- Theatrical release poster
- Directed by: K. Ramnoth
- Screenplay by: S. D. Sundaram Umachandran
- Based on: East Lynne by Ellen Wood
- Produced by: Pattanna
- Starring: V. Nagayya Manohar M. V. Rajamma Madhuri Devi
- Cinematography: N. Prakash
- Edited by: S. P. Chandrasekar
- Music by: V. Nagayya A. Rama Rao
- Production companies: Narayanan & Company
- Distributed by: Narayanan & Company
- Release date: 9 February 1952;
- Country: India
- Language: Tamil

= Thai Ullam =

1952 film by K. Ramnoth

Thai Ullam is a 1952 Indian Tamil-language film directed by K. Ramnoth. Starring V. Nagayya, Manohar and R. Ganesh, the film has music composed by Nagayya and A. Rama Rao. It is an adaptation of the 1861 novel East Lynne, by Ellen Wood. The film was released on 9 February 1952, and emerged both a critical and commercial success.

== Cast ==

- Male cast
- V. Nagayya as Zamindar Seethapathy
- Manohar as Manohar
- R. Ganesh as Sekar
- K. Ramasami as Clerk Kuppu
- N. Seetharaman as Magistrate Masilamani
- Chandra Babu as Sukumar
- Kolathumani as Ponnambalam
- C. V. V. Panthulu as Sabapathy

- Female cast
- M. V. Rajamma as Nirmala
- Madhuri Devi as Vasundhara
- K. R. Chellam as Santhamma
- T. P. Muthulakshmi as Janaki
- Sakunthala as Singari
- C. K. Saraswathi as Kanthimathi

- Supporting cast
T. K. Kalyanam, G. V. Sharma, Nandaram, Loose Arumugam, and V. T. Kalyanam.

== Production ==
K. Ramnoth, who had left Gemini Studios on 15 August 1947, worked for Narayanan & Company, for which he made the film Thai Ullam, an adaptation of the 1861 novel East Lynne by Ellen Wood. While Manohar was cast as the male lead, T. S. Balaiah was considered for playing the antagonist. He however opted out of the project after demanding a salary of ₹75,000, which he was refused. Subsequently, he was replaced by a then struggling actor named R. Ganesh, who later became known as Gemini Ganesan.

== Soundtrack ==
The songs were composed by Nagayya and A. Rama Rao, with lyrics by Kanakasurabhi, Subramania Bharati and Kavimani Desigavinayagam Pillai. The song "Vella Thamarai" is based on Bharati's poem of the same name. The song "Konjum Puraave" is based on the song "Thandi Hawayen" from the Hindi film Naujawan (1951). That, along with the songs "Kovil Muluthum Kanden", "Kathayai Kelada", "Vellai Thamarai" and "Poo Chendu Nee" attained popularity.

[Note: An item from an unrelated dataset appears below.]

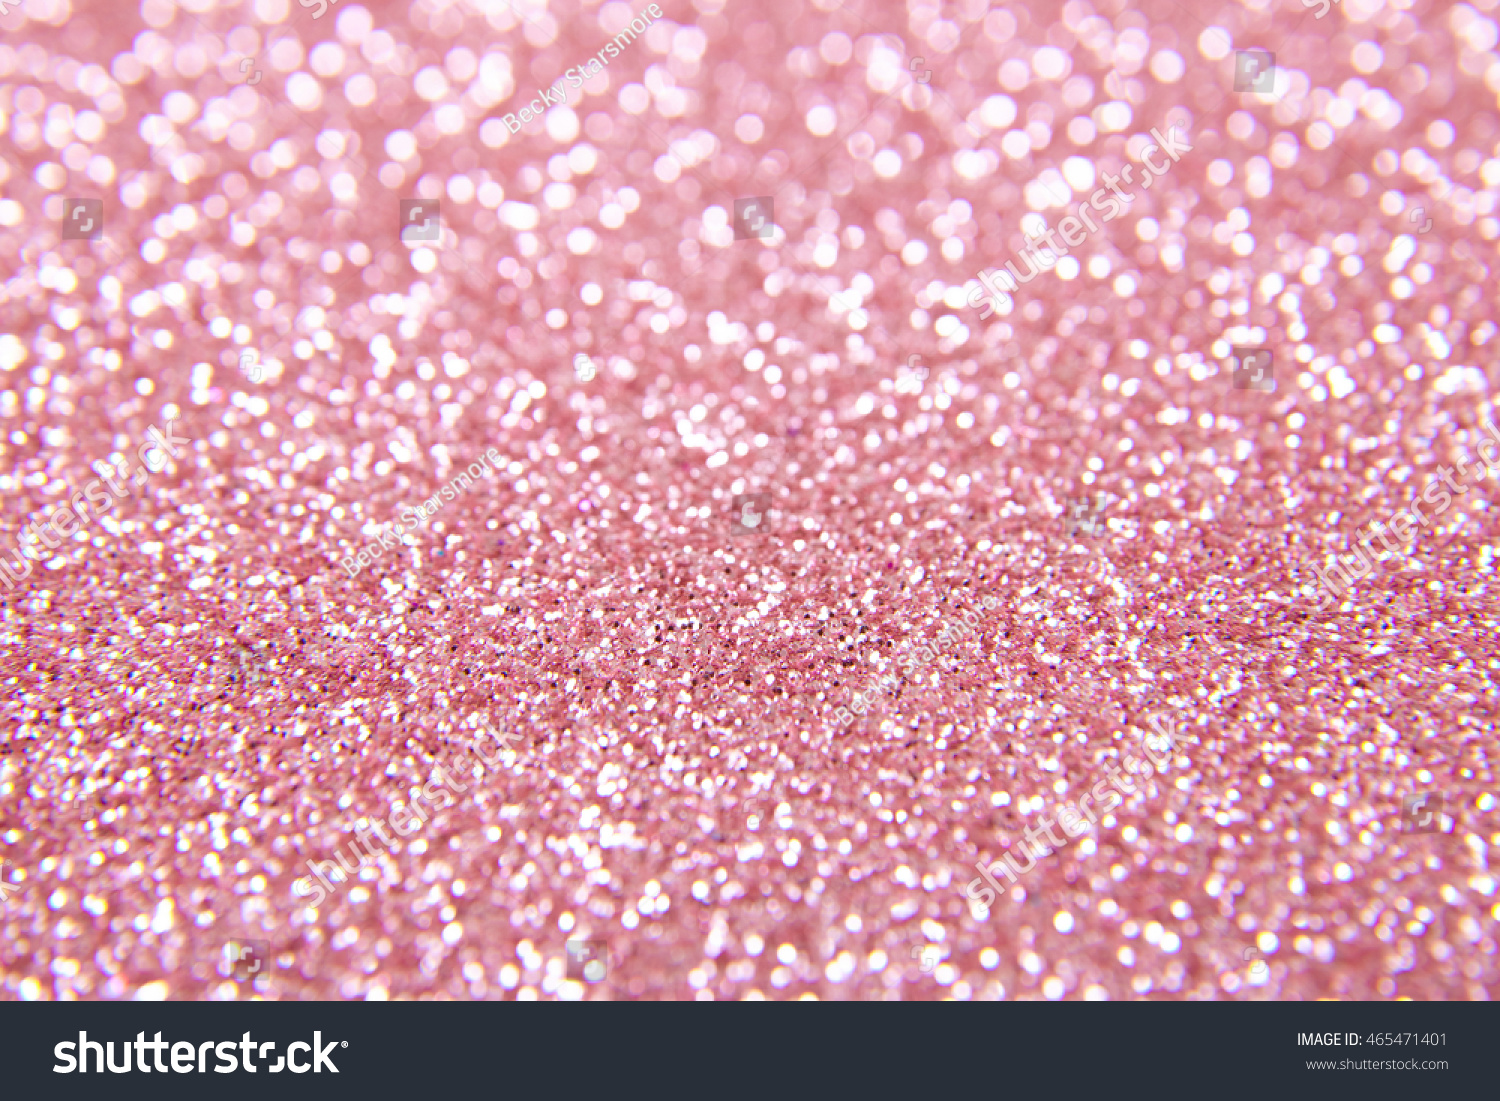 Full Page Close Pastel Pink Glitter, arkistovalokuva 465471401 Shutterstock...
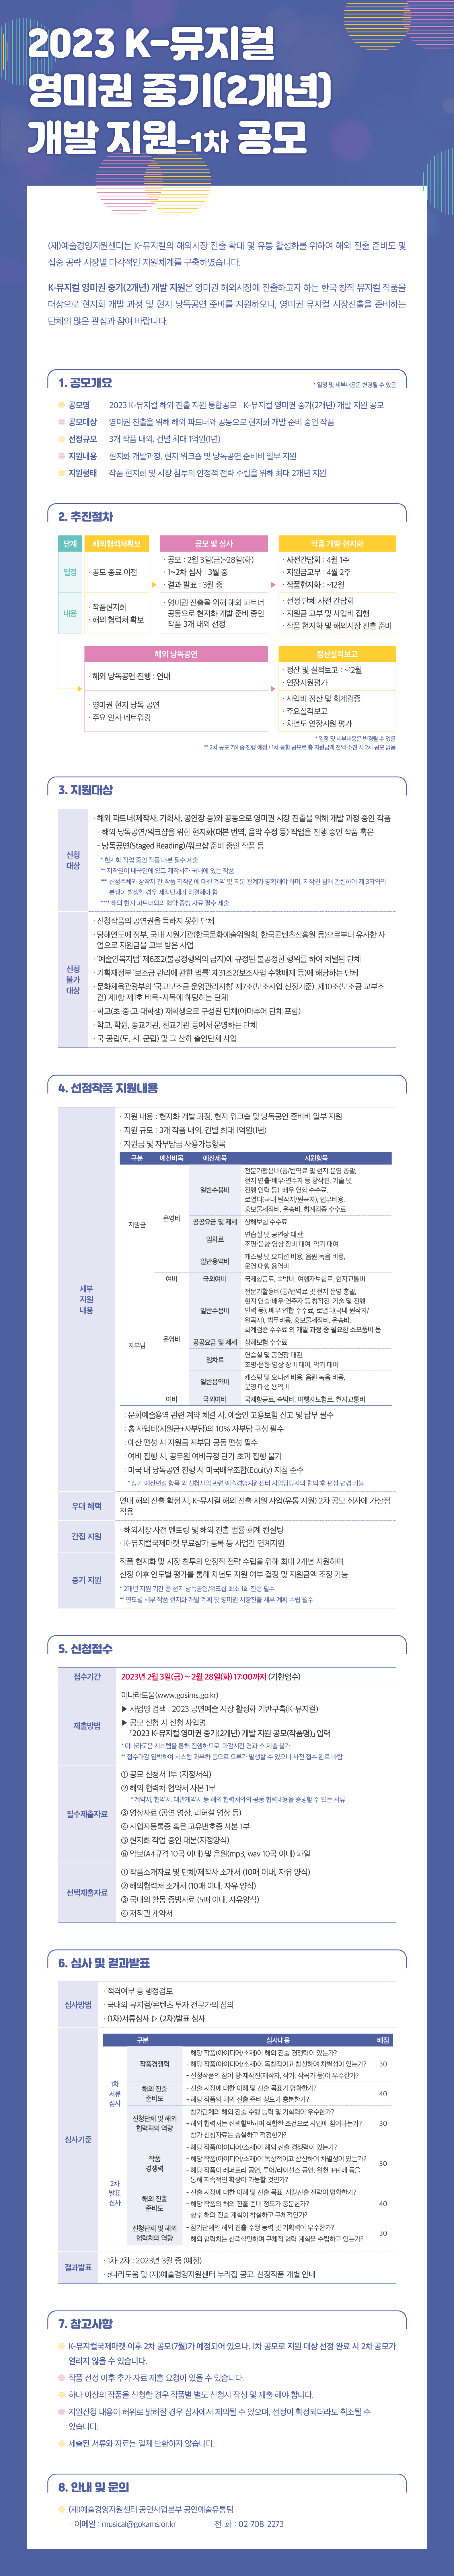 2023 K-뮤지컬 영미권 중기(2개년) 개발 지원 공모

| Song | Singer | Lyricist | Length |
| "Ohoho Nilave Nillay Odathe" | Jikki | Kanakasurabhi |  |
| "Konjum Puraave" | M. L. Vasanthakumari | 03:04 |
| "Nathathile Pethama" | T. A. Mothi |  |
| "Vellai Thamarai Poovil" | M. L. Vasanthakumari | Subramania Bharathi |  |
| "Kovil Muzhuthun Kanden" | Kavimani Desigavinayagam Pillai | 03:02 |
| "Poochendu Nee" | T. A. Mothi, (Radha) Jayalakshmi & N. L. Ganasaraswathi | Kanakasurabhi | 03:35 |
| "Pokkiri Payale Nee Polladhavan" | (Radha) Jayalakshmi | 02:00 |
| "Anbai Ariyamal Kali Odi Poche" | T. A. Mothi |  |
| "Baby Baby Chinna Chinna Baby" | Jikki | 02:38 |
| "Malai Nila Varavendum" | R. Balasaraswathi & T. A. Mothi |  |
| "Kathayai Kelada" | M. L. Vasanthakumari | 02:51 |

== Release ==
Thai Ullam was released on 9 February 1952, and distributed by Narayanan & Company themselves. The film was both a critical and commercial success, and a major breakthrough for Ganesh, who would later become a part of the "Big Three" of Tamil cinema, the other two being Sivaji Ganesan and M. G. Ramachandran.